BASEBALL | Q&A: No sophomore slump for starter

Coming into his sophomore campaign, pitcher Vinny Lally ’11 had never made a collegiate start. During his freshman season with the baseball team, the southpaw made 23 appearances out of the bullpen and finished his rookie year at 1-1 with a 6.04 ERA. But this season has been different for the Tampa, Fla., native as Lally has cemented himself as the team’s No. 2 starter behind Brandon Josselyn ’09.

Thus far, Lally has started six of Yale’s 22 games and has appeared out of the bullpen twice. He leads the team in victories with three and has found his groove following a rough outing against Maryland-Baltimore County in early March. On March 28, Lally threw 6.1 innings of perfect baseball before surrendering a double in the seventh — just two outs short of a seven-inning perfect game.
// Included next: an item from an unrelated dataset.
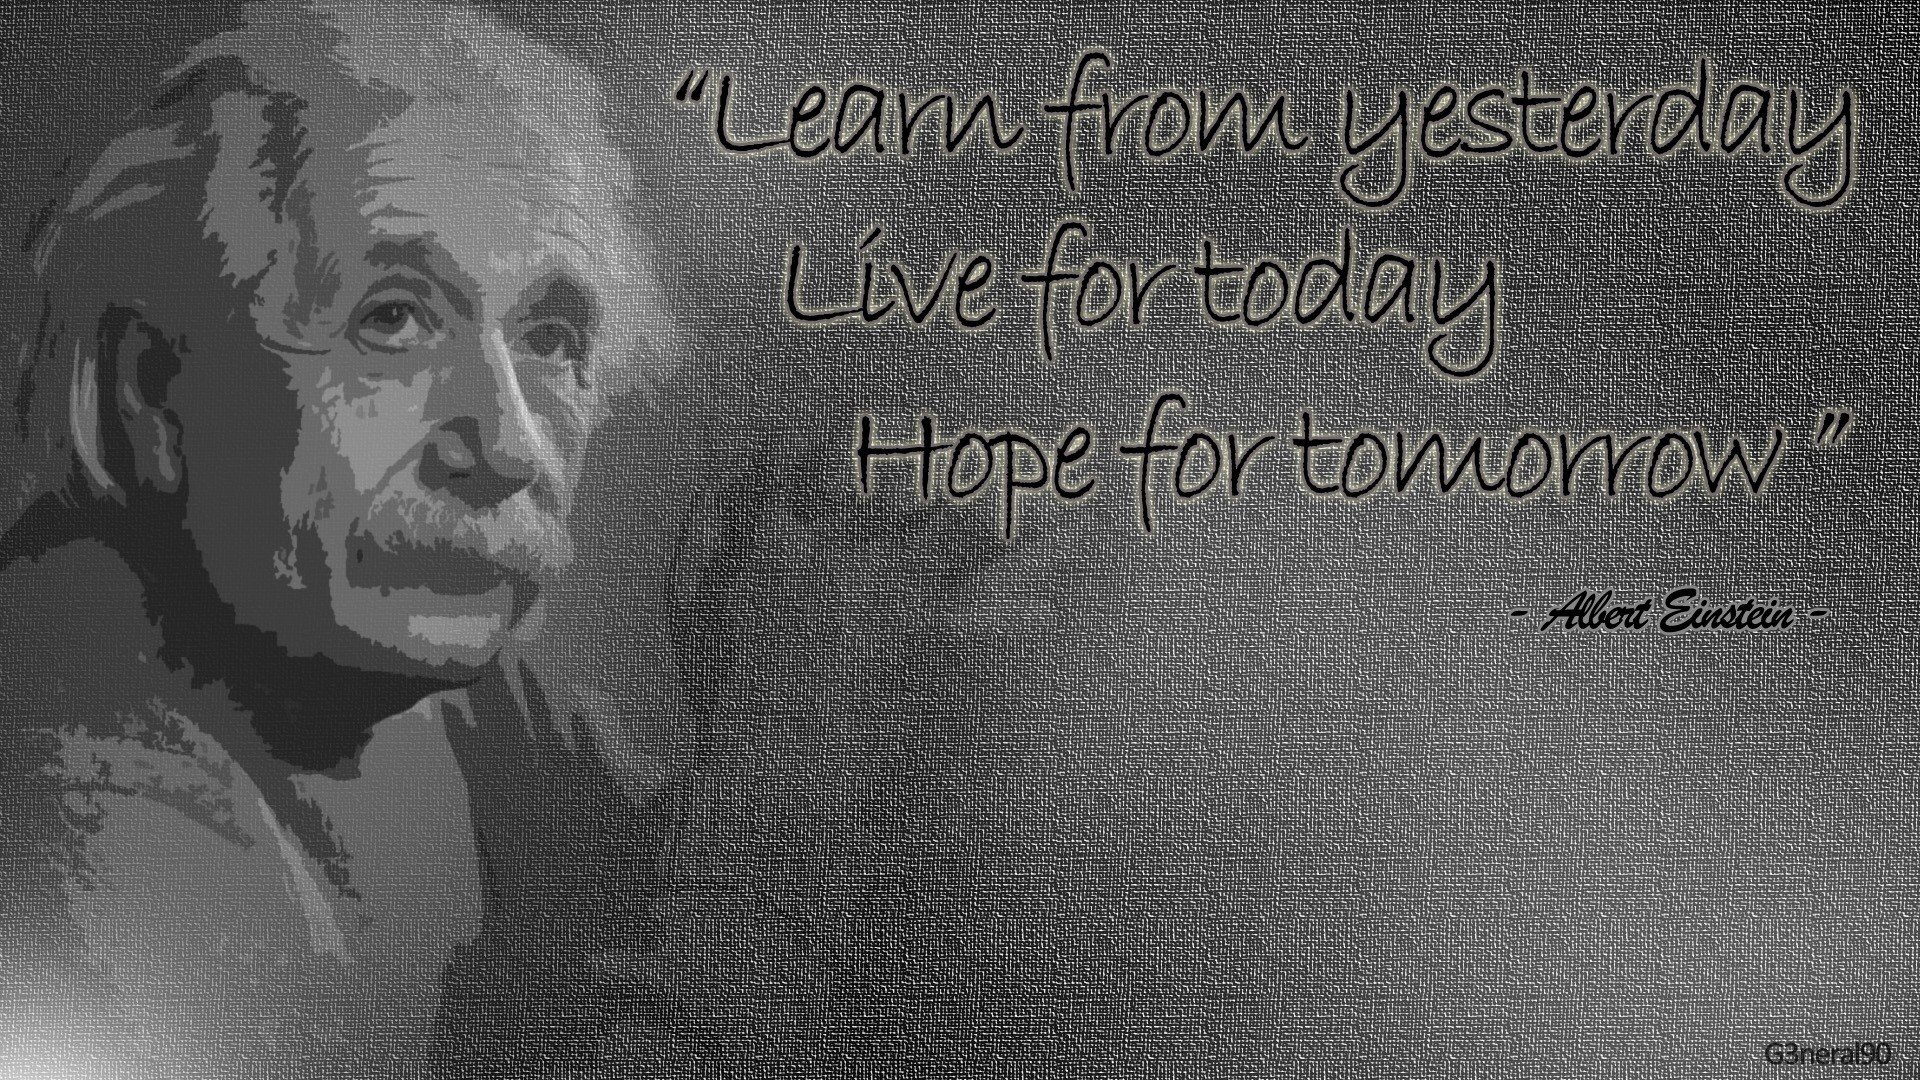 Einstein Quotes Wallpaper For Desktop

In game one of Tuesday’s doubleheader against Sacred Heart, Lally allowed just one earned run, four hits and one walk over 6.2 innings — at one point retiring nine in a row — before giving way to the bullpen for the game’s final out.

The Elis will need more of the same down the stretch if they hope to climb out of the Red Rolfe Division basement and have a chance to play for the Ivy League championship.
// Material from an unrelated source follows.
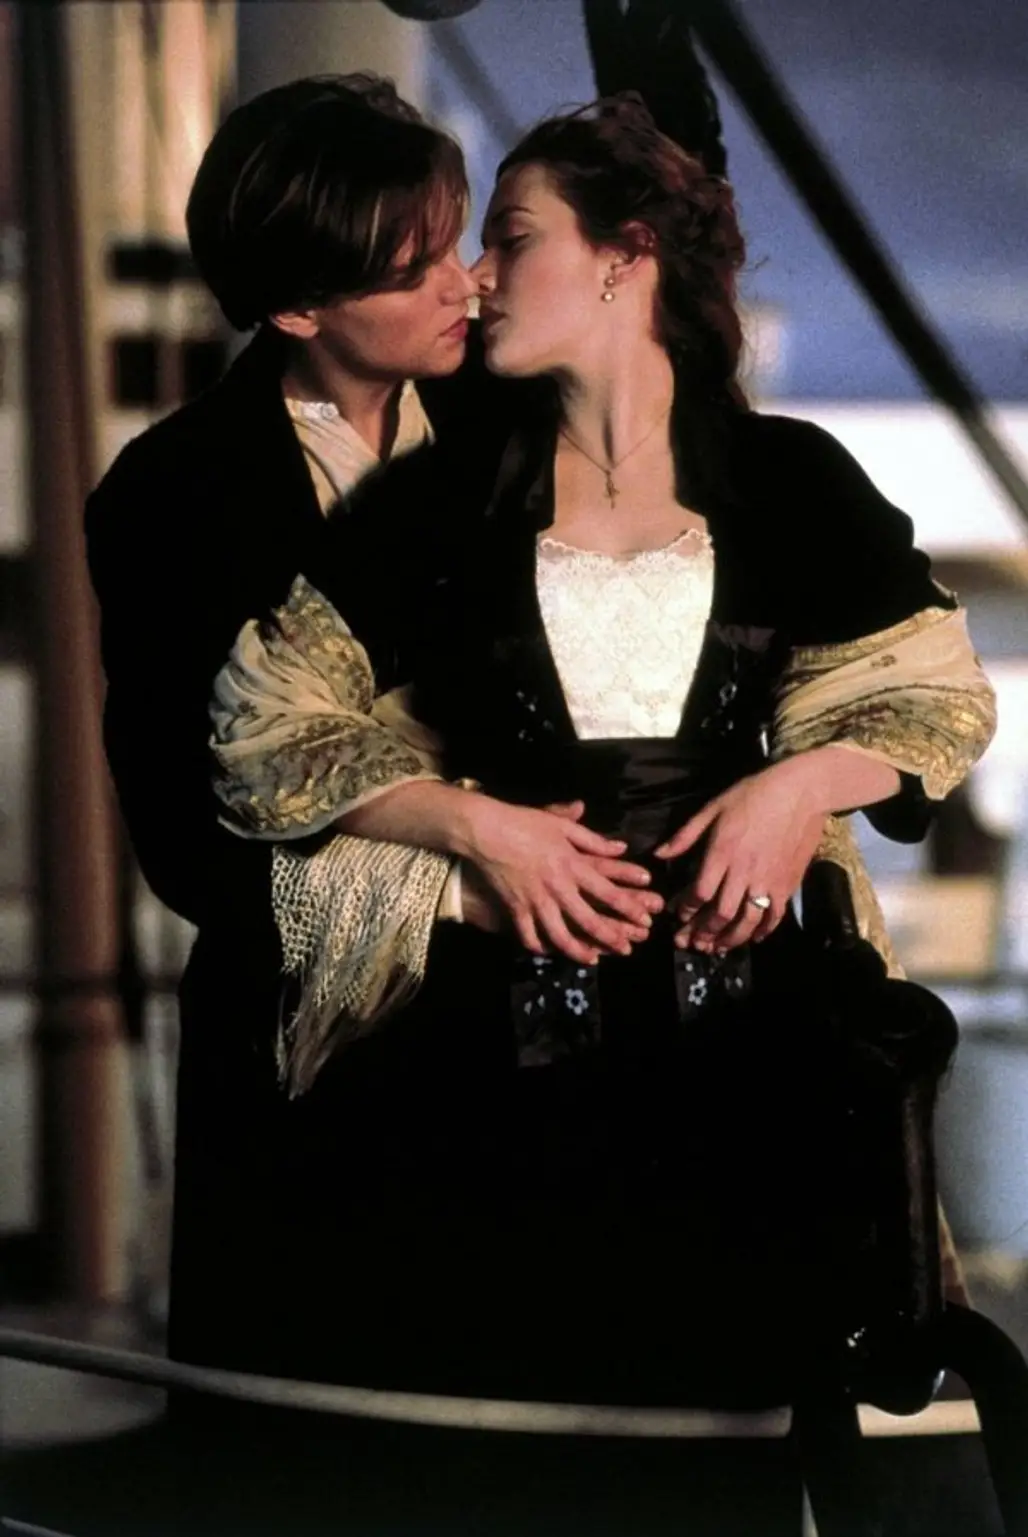 Leonardo DiCaprio & Kate Winslet in "Titanic"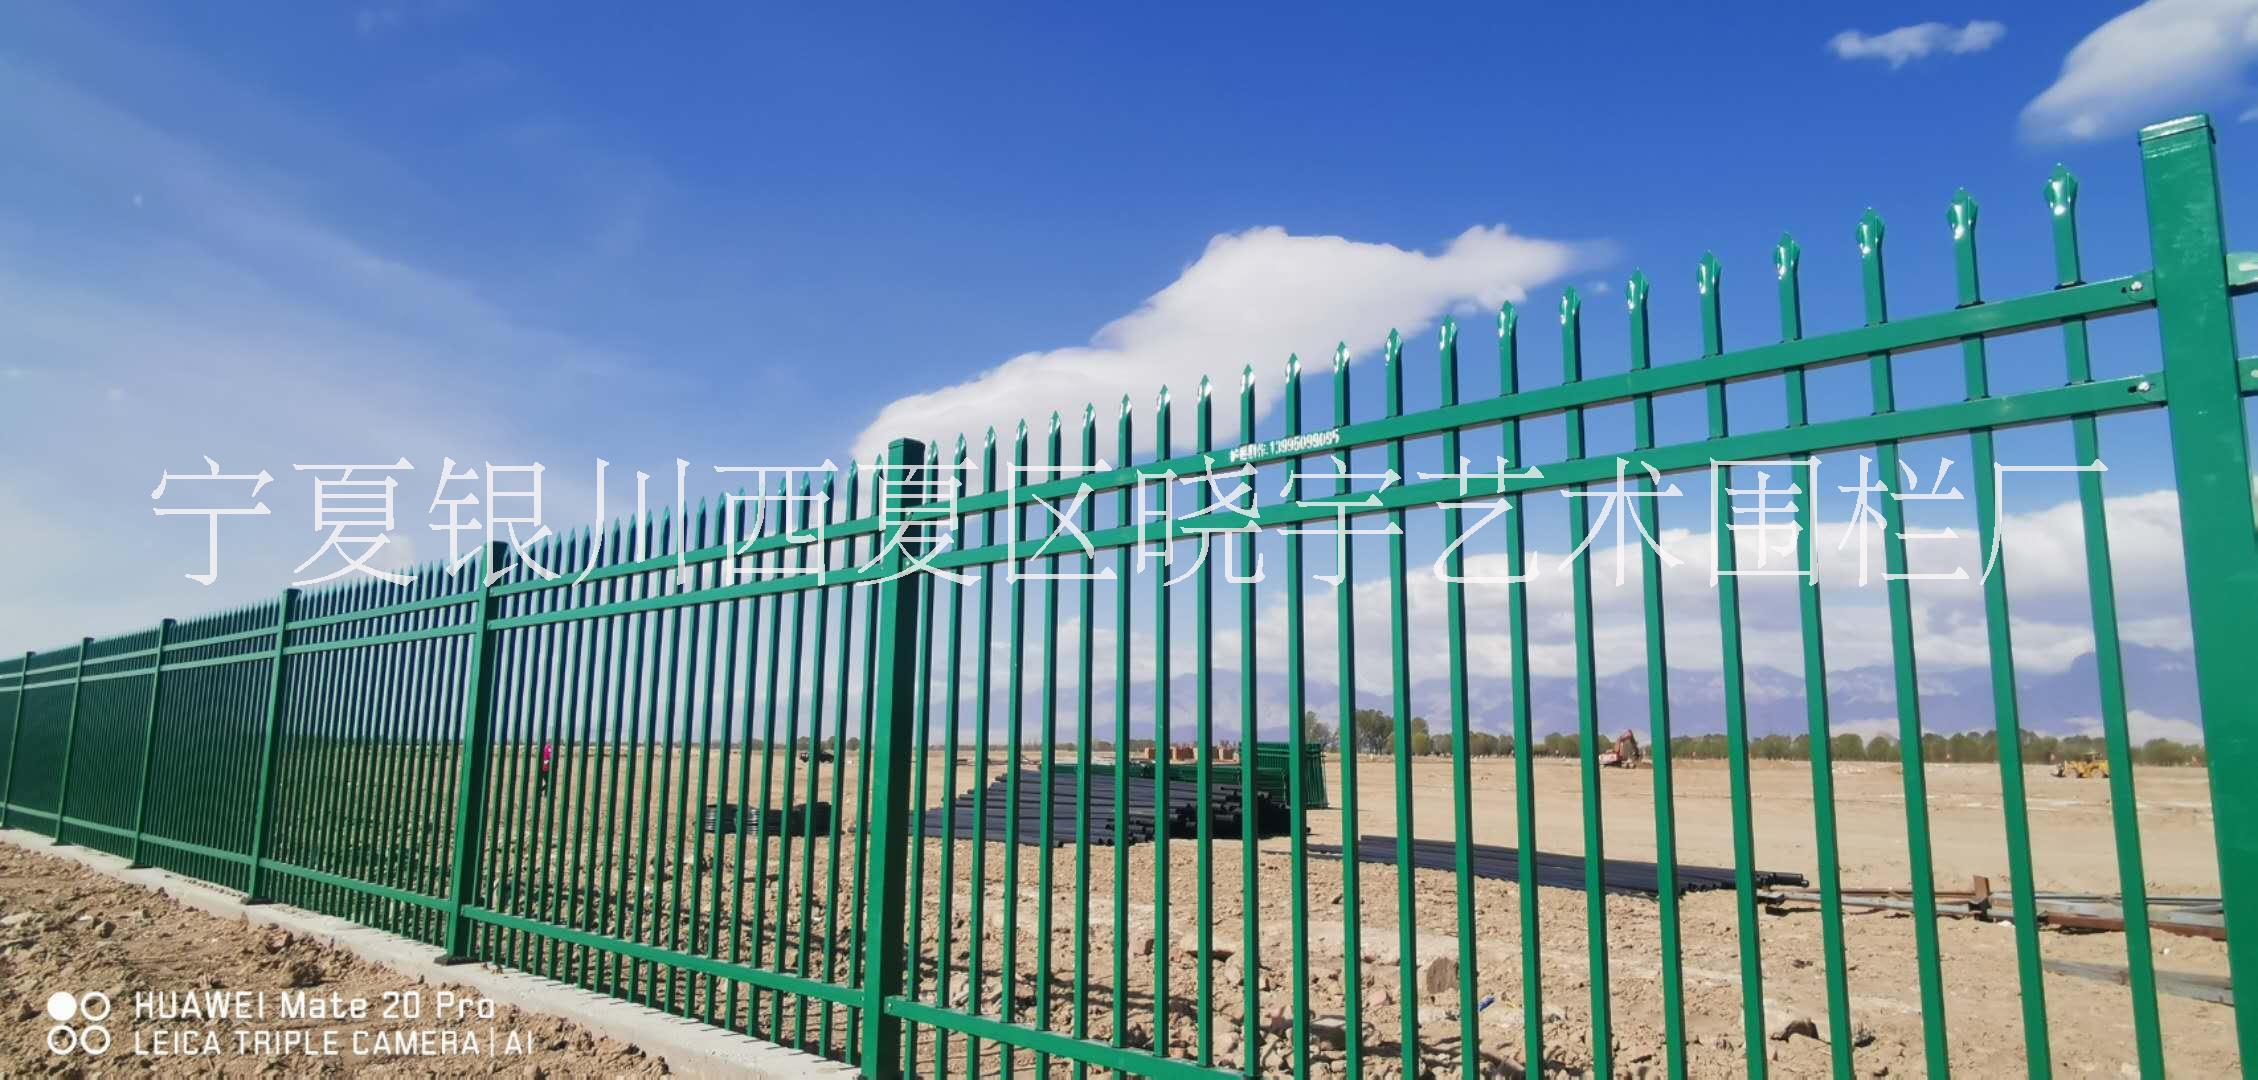 锌钢护栏厂家    xy-55喷涂烤漆护栏   护栏批发图片

Q: Last season you primarily came out of the bullpen but you are now the team’s No. 2 starter. Which role do you prefer?

A: It’s nice to start because I started in high school but I also liked the possibility of going in every game. There’s a lot more time in between starts and there’s preparation I got to do on my own time.
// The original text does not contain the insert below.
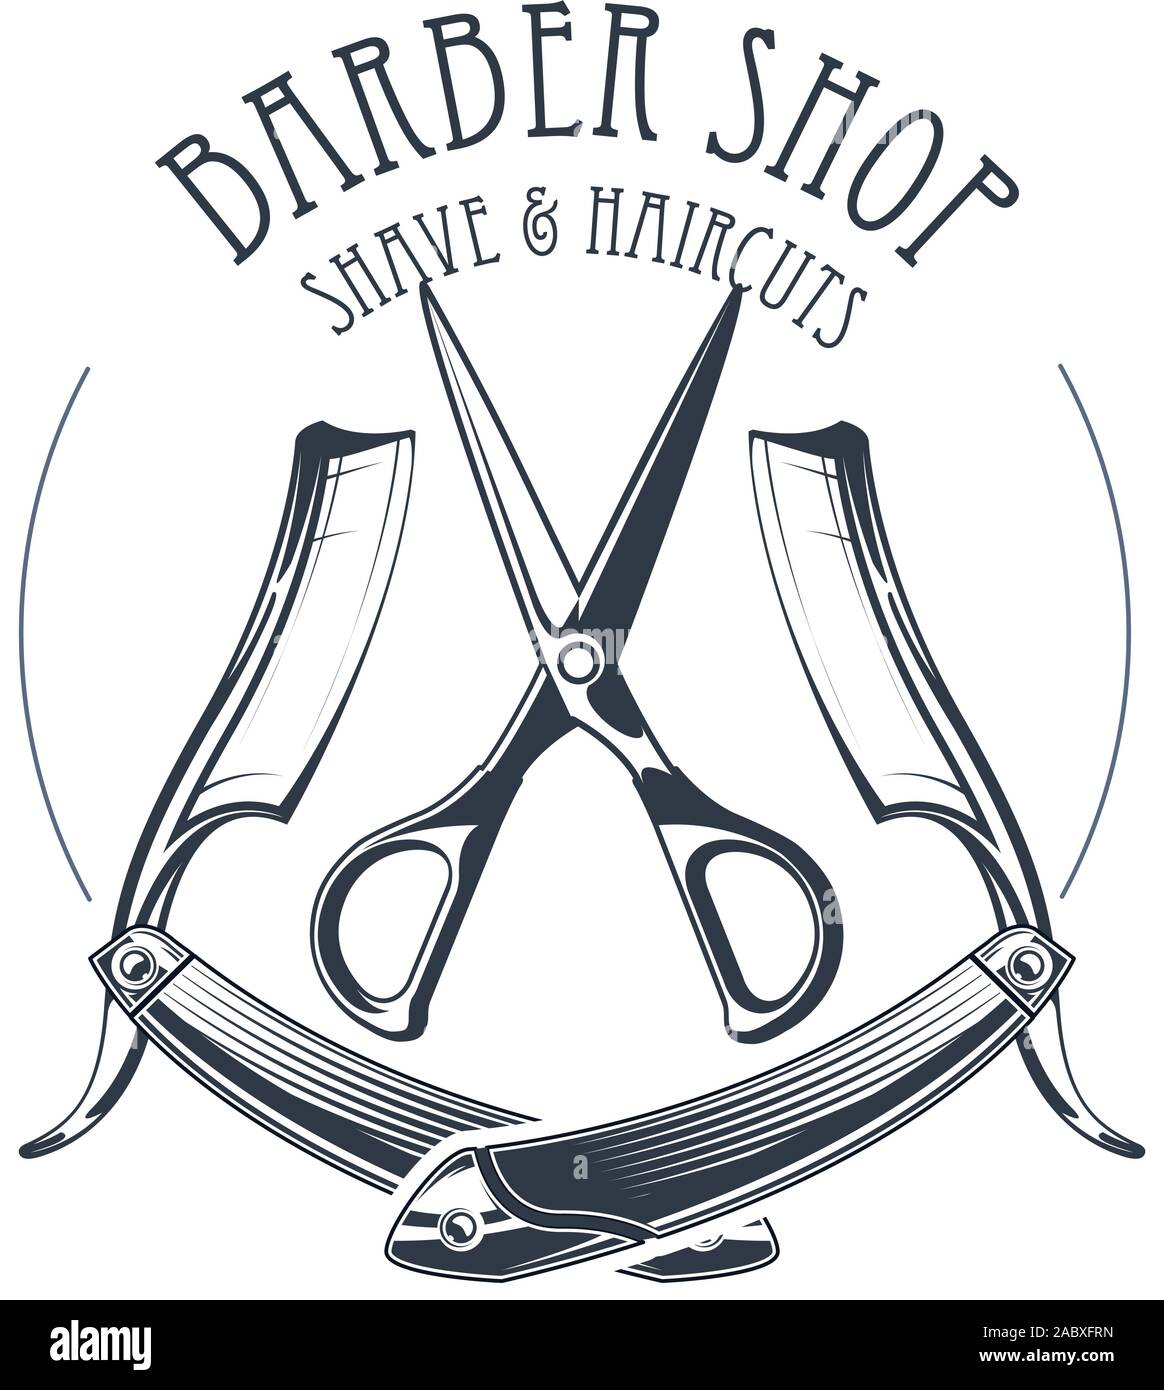 Vintage barbershop or hairdressing salon emblem, scissors and old straight razor, barber shop logo Stock Vector

Q: How did it feel to almost throw a perfect game [on March 28 against Princeton]?

A: It’s the best game I’ve ever thrown, everything was working. Knowing after every inning that I hadn’t given anything up was a good feeling. The defense did a great job behind me; Matt Schmidt ’10 made the best play I’ve seen on college baseball when he made a play on a ball hit up the middle that I was sure was going to get through for a hit. Plays like that kept it going.

Q: When did you realize that you had a perfect game going, and were you thinking about it?

A: I knew after each inning that they hadn’t had a base runner but I didn’t start thinking about it until the last inning because it was such a close game. I was just trying to keep my team in it.

Q: Was that the closest you had ever come to throwing one?

A: In high school I threw five perfect innings before someone hit a bloop single, and I threw a no-hitter with two walks.

Q: You pitched great yesterday against Sacred Heart. What went well for you?

A: The first inning was probably the toughest because I wasn’t throwing my off-speed stuff for strikes and I got into a groove after that. I got the ball down, pitched to contact and minimized walks.

Q: A few key seniors graduated in May, such as Ryan Lavarnway, Josh Cox ’08, Steve Gilman ’08 and Brian Irving ’08. How have you guys been able to replace them?

A: We brought in a really strong class, which is good, but losing Lavarnway and Cox is tough; it’s impossible to replace those guys. They were two of the best in the conference and Gilman and Irvin, who are both playing professionally, were the anchors of our staff.

Q: Currently you guys are sitting in last place in the Red Rolfe Division. What do you guys need to work on to climb the standings and get a shot at the Ivy League title?

A: We need to just come out and play well every weekend. Our thing is to take every game one at a time instead of four games at once. That’s what we’re gonna try to do the rest of the way out — win the first game and go to the next.